INFORMATION SHOWN:
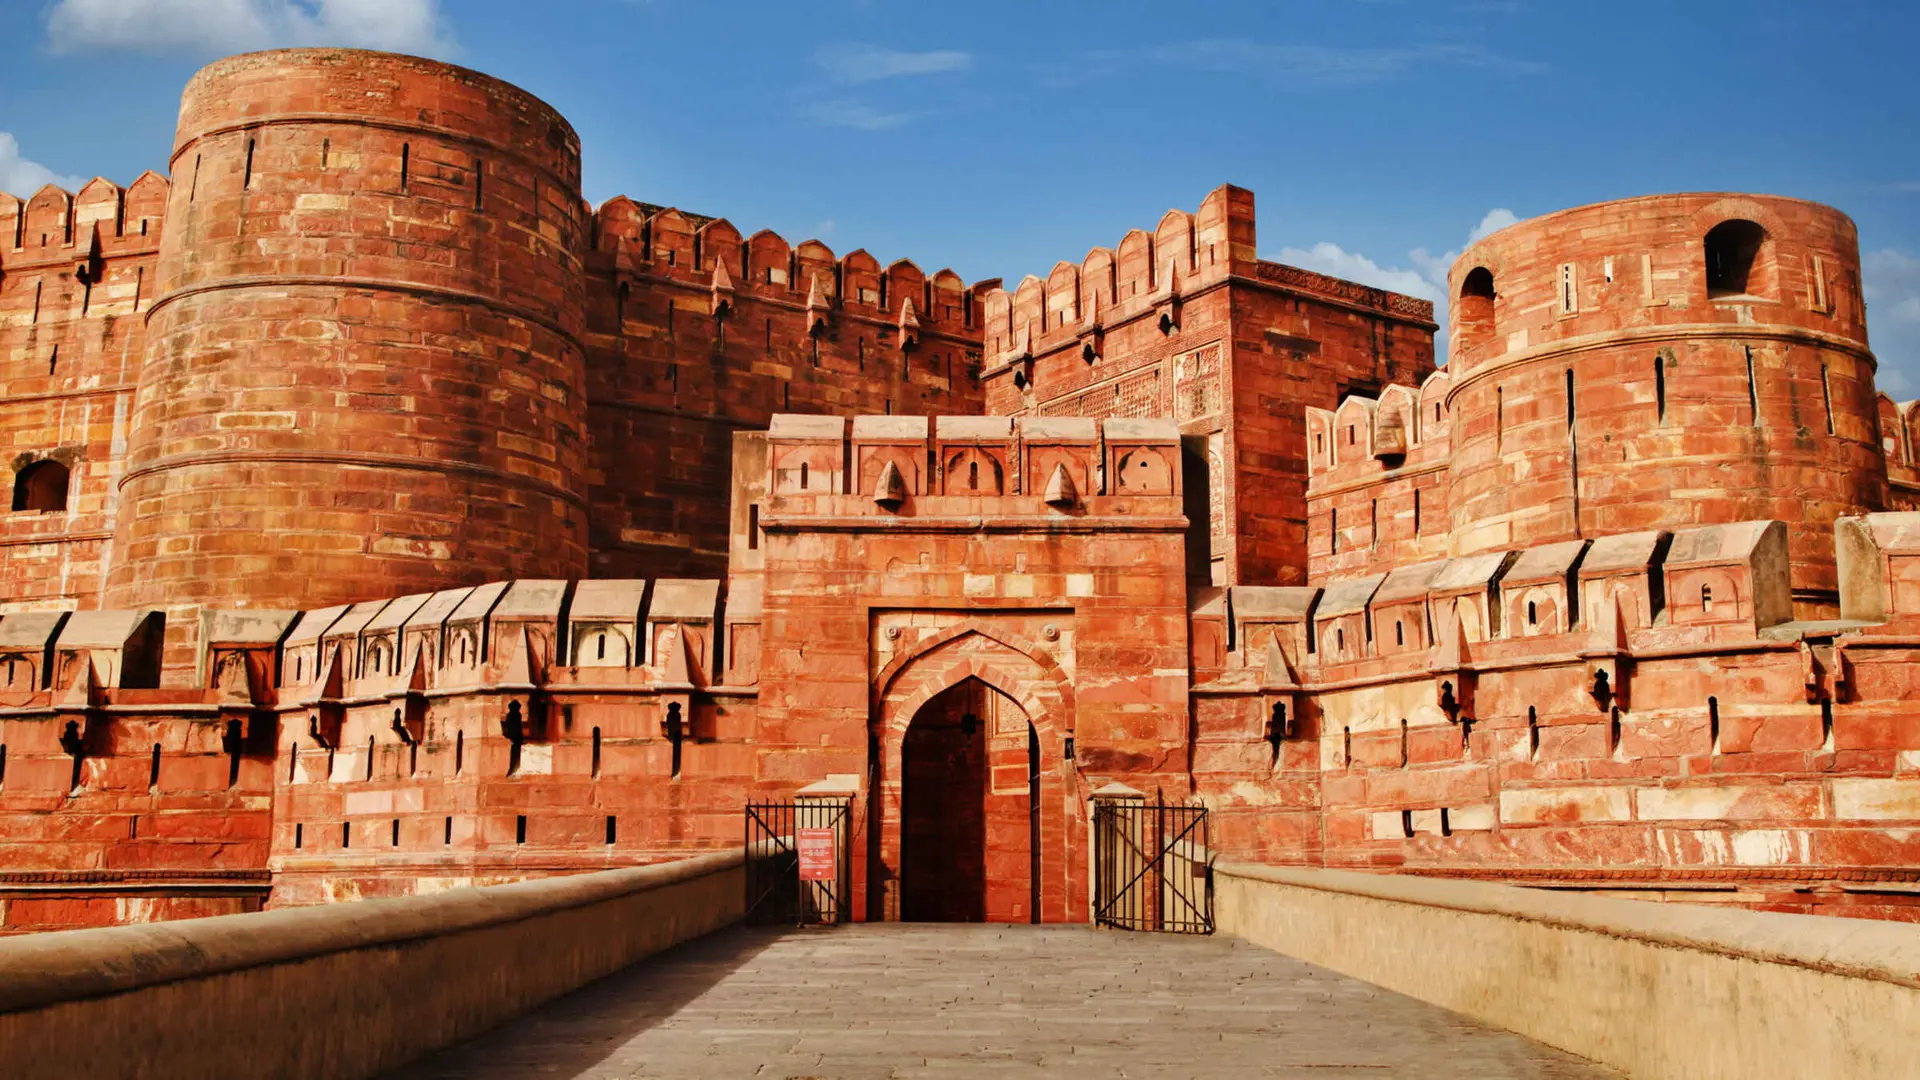 Destinations Articles - Agra Travel Guide
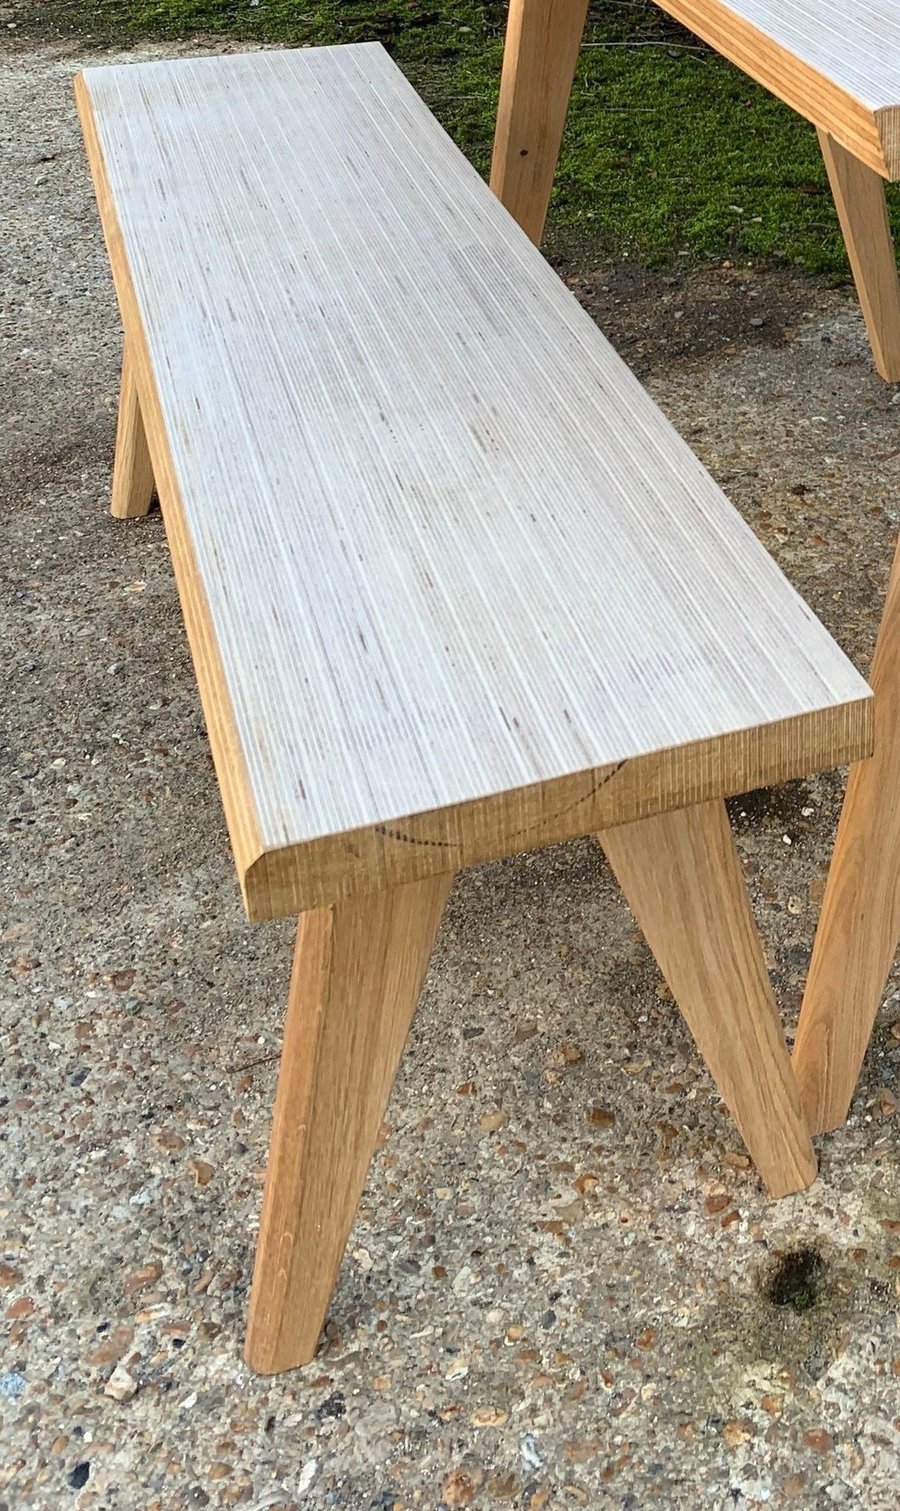 Birch Ply Bench - ideal for hallways, offices, studies or dining rooms
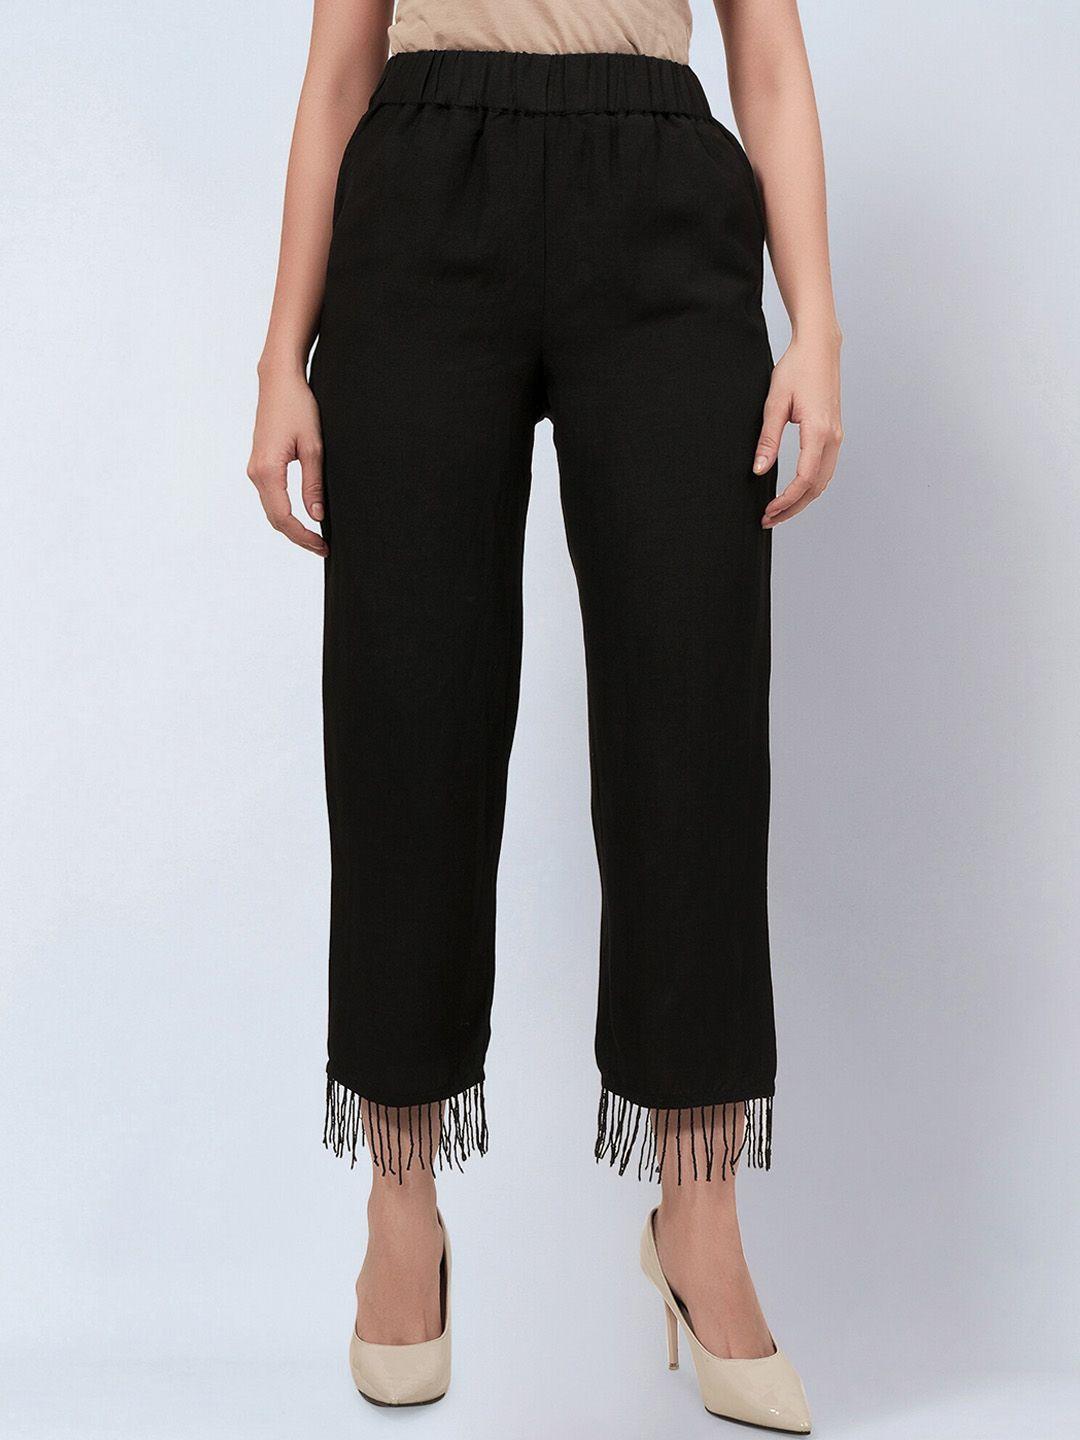 first-resort-by-ramola-bachchan-women-smart-mid-rise-linen-trousers

WORK ORDER:
Each line of the material needs to be given again exactly, without any of its pictures.

RESULT:
 Destinations Articles - Agra Travel Guide
 Birch Ply Bench - ideal for hallways, offices, studies or dining rooms
 first-resort-by-ramola-bachchan-women-smart-mid-rise-linen-trousers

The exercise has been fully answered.